Saturday, January 30, 2016

StreamInsight components

Streams of data


Just as Microsoft SQL Server was designed to allow developers to manage static data, StreamInsight was designed to work with streams of data. But what does a stream of data me

an? Well a stream of data is a sequence of pieces of information, for each such piece of information a certain time is associated with it. Usually the associated time is the date-time of creation.

Such streams of data can be produced by countless devices which vary from smoke sensors, temperature sensors to smartphones, robots, web applications, hosting servers or trading applications. 

Event


An event can be defined as a basic unit of data processed by the StreamInsight server, each event encapsulates a piece of information thus we can say that a stream contains a sequence of events. Each event consists of two parts, the header and the payload.

The header defines the event kind and temporal properties of the event. All the temporal properties are application-based and supplied by the data source rather than a system time supplied by the StreamInsight server. All the timestamps use the .Net DateTimeOffset data type, also StreamInsight normalizes all times to UTC date-time automatically.

The payload is a .NET data structure which holds the data associated with the event, the fields of the data structure can be defined by the developer. Each field can have a .NET data type e.g. int, float, string etc.

Query


The same way as a fisherman uses a fishing net to catch fish from a river, we can use a StreamInsight query to retrieve relevant information from a stream of data. The results of the query are received incrementally for as long as we need.

One can define a myriad of queries starting from simple ones like selecting all events which fulfill a certain condition, to more complex like selecting certain events which appear in a window of 3 minutes.

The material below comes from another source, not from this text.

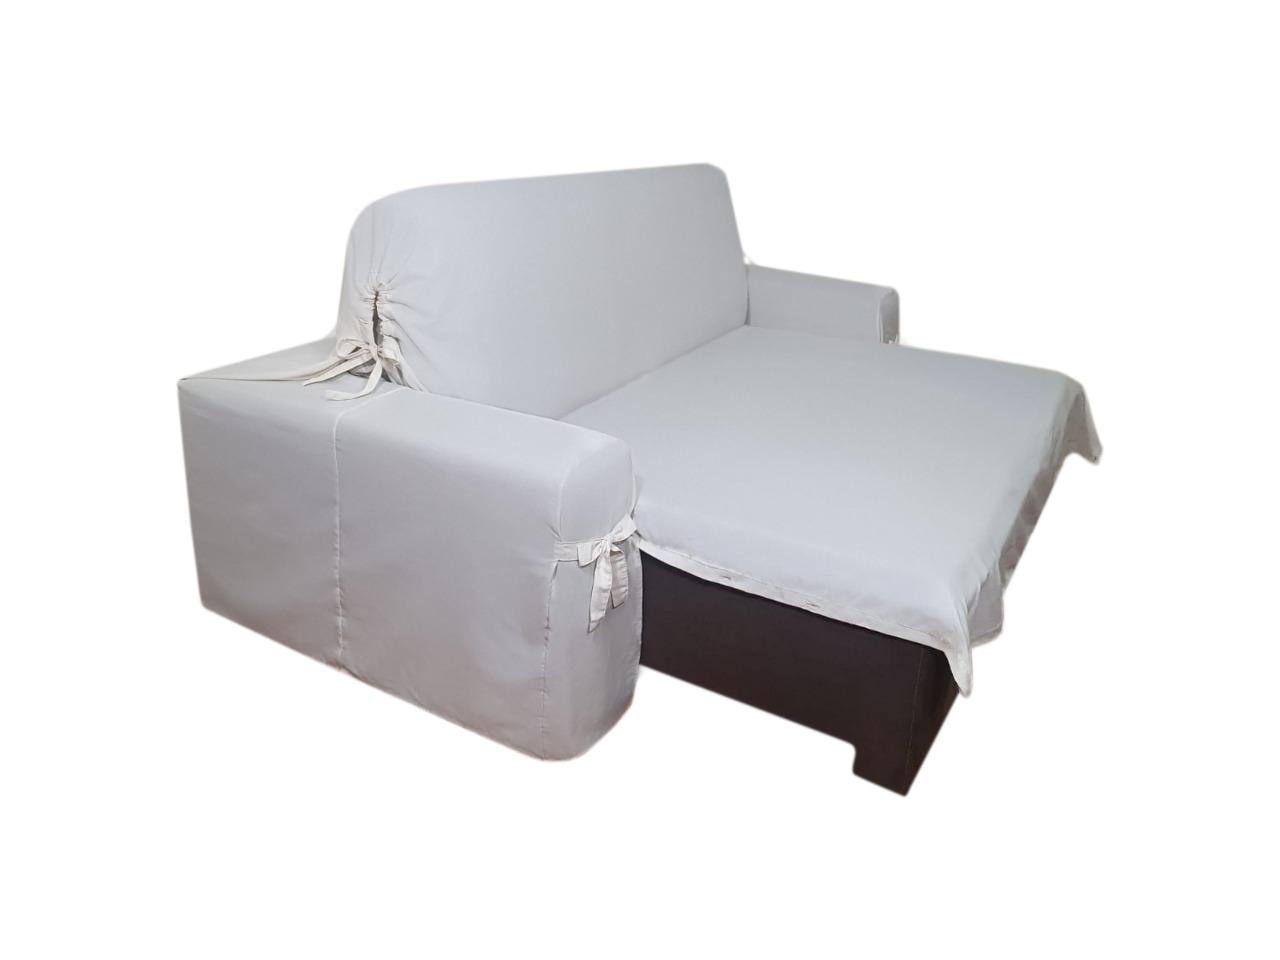 Capa p/ Sofá Retrátil e Reclinável em Acquablock Impermeável CRU - Veste Sofás de 2,36m até 2,65m

The main difference between StreamInsight and a database is that StreamInsight never stores the data, a query is kept active all time while the server is running. Every time a new event appears it triggers a new computation and generates a new result. Of course if we are interested we can store the results of the queries.

Source



Devices which are data producers become sources of data for the StreamInsight application. One can define multiple sources of data which go into the StreamInsight server and against which queries are executed.

Sink


We have sources of data which become streams of data and queries which are executed against them, but how can we get our hands on the query results? Well we can define a sink in which StreamInsight will send the result of the defined queries. Also in this case we can define multiple custom sinks, some might represent a conventional database or an user interface in which users can acknowledge the information immediately.

StreamInsight components working together




As seen in the architecture diagram from above, one can define source of events like smartphones, fire sensors, smoke sensors, temperature sensors, server logs or event historical data. This platform allows developers to aggregate all these events by defining LINQ queries, the results of these queries are then passed to any developer defined sink like monitoring devices, monitoring applications or even data warehouses.